A knock at the front door dragged me out of bed. A favourite neighbour had plywood he needed to unload. I think my eyes bugged out. I laid out my entire plan for the 3-compartment hinged-lid recycled-wood compost bin. He left, hooked up his trailer, loaded the wood, and arrived to a giddy girl with her hammer ready. As I picked through the wood I discovered that he hauled over a solid crate from his moto shop. It was about 8 feet long 3 feet deep and 3 feet high with a removable panel for easy loading and a trapdoor lid.   Positive voodoo.

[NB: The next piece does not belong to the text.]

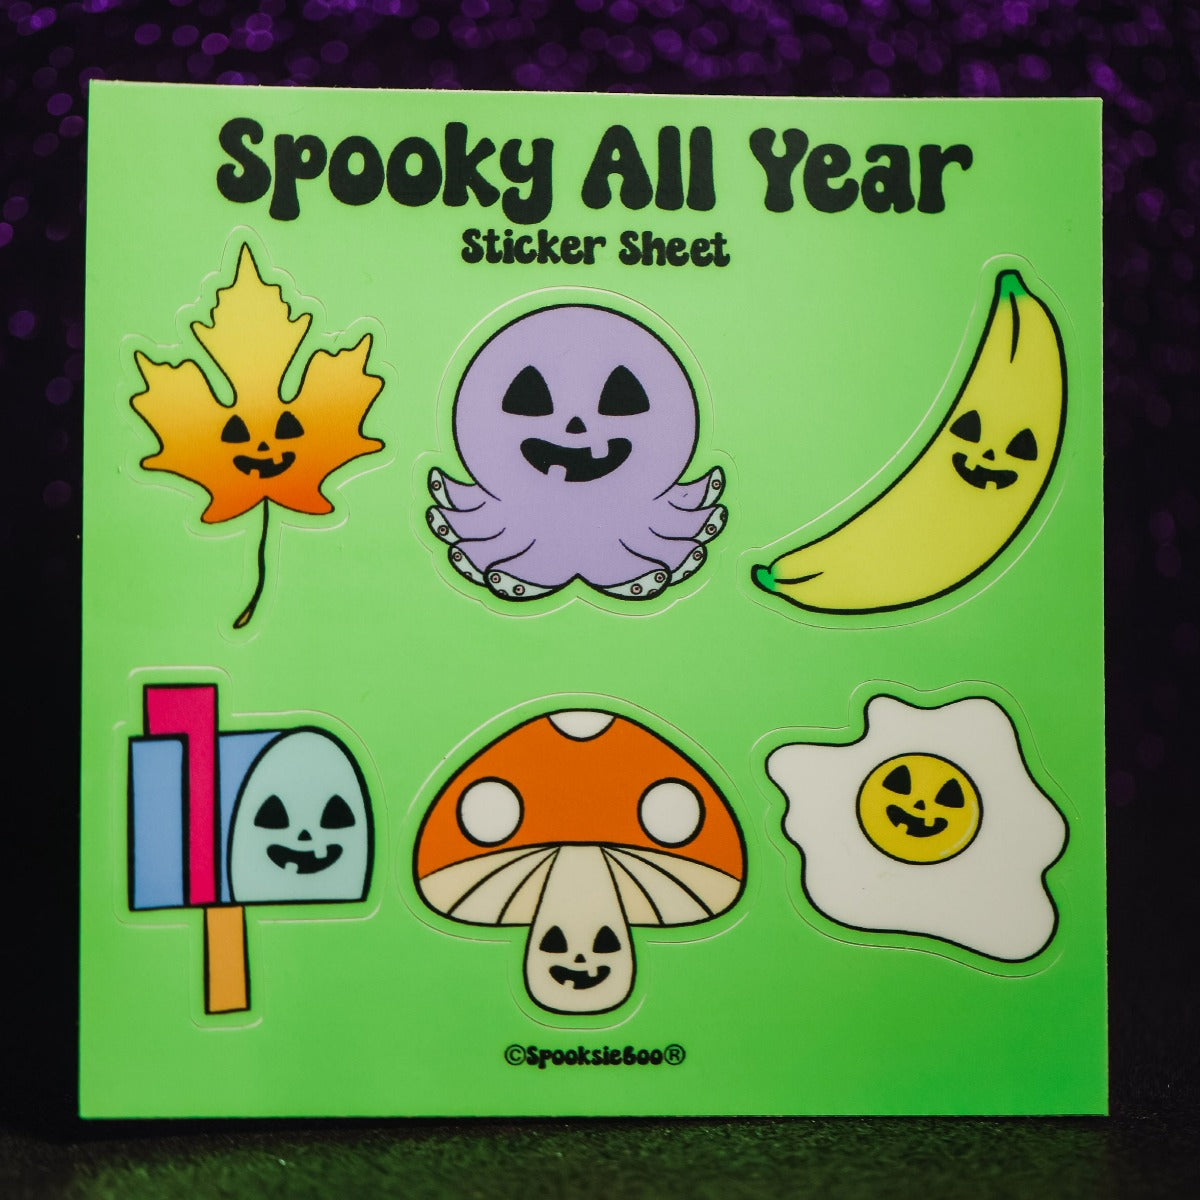 Spooky All Year - Sticker Sheet
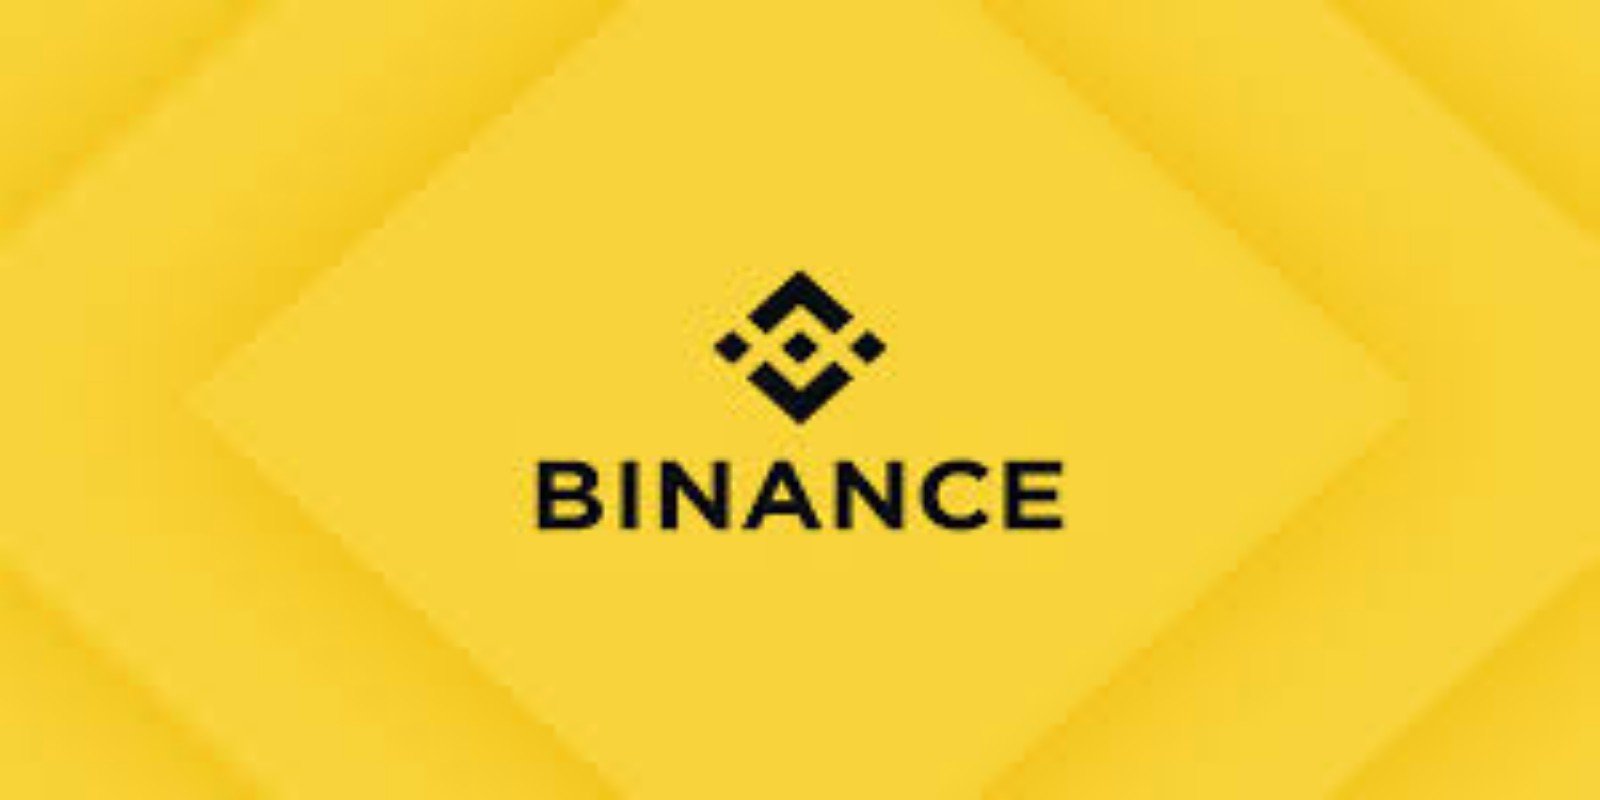 Binance U.S cryptocurrencies platform

Canada’s newest home deco craze: Homes for Folks that Don’t Live in ‘em.

Sunday, April 20th, 2008

I spent sunny Saturday in Montreal with a dear friend who is in the throngs of redecorating her condo. Up and down St. Laurent we sniffed taunt white-leather sofas and rested our butts in $400 transparent plastic lawn chairs. I’m not much of a deco dame and I don’t have a good sense of the trends or for that matter the name of trends. When she had invited me along I remembered a few years ago there was a craze when junk painted white was called Shappy Chic. But that was the last craze I could name. Between visits to bakeries I wasn’t much help as she tossed designer names into the air. I tried to imagine how many guests a hostess would need to squeeze on her $16K chesterfield to justify buying it instead of a SmartCar. Oh la la I was out of my element and I think maybe that is why she invited me along; my crinkled nose was her benchmark. Seeing the 12th showroom bed that stood 2 feet tall I was beginning to understand that the there was a new home decorating trend: Homes for Folks that Don’t Live in ‘em. Bookshelves with no room for books, flimsy dining room chairs for women that didn’t eat two helpings of dessert, white carpets for couples that can’t fathom inviting over people with kids or pets…these showrooms were for the homes of Montreal’s travelling rich that stopped home to pick up their mail and drop off dry cleaning. By the 7th store my girlfriend confessed that she hadn’t seen anything that caught her fancy. For her it was all too Matchy Matchy. Ah huh! I knew that there must have been some designer lingo for this craze: Matchy matchy - everything just right, nobody home.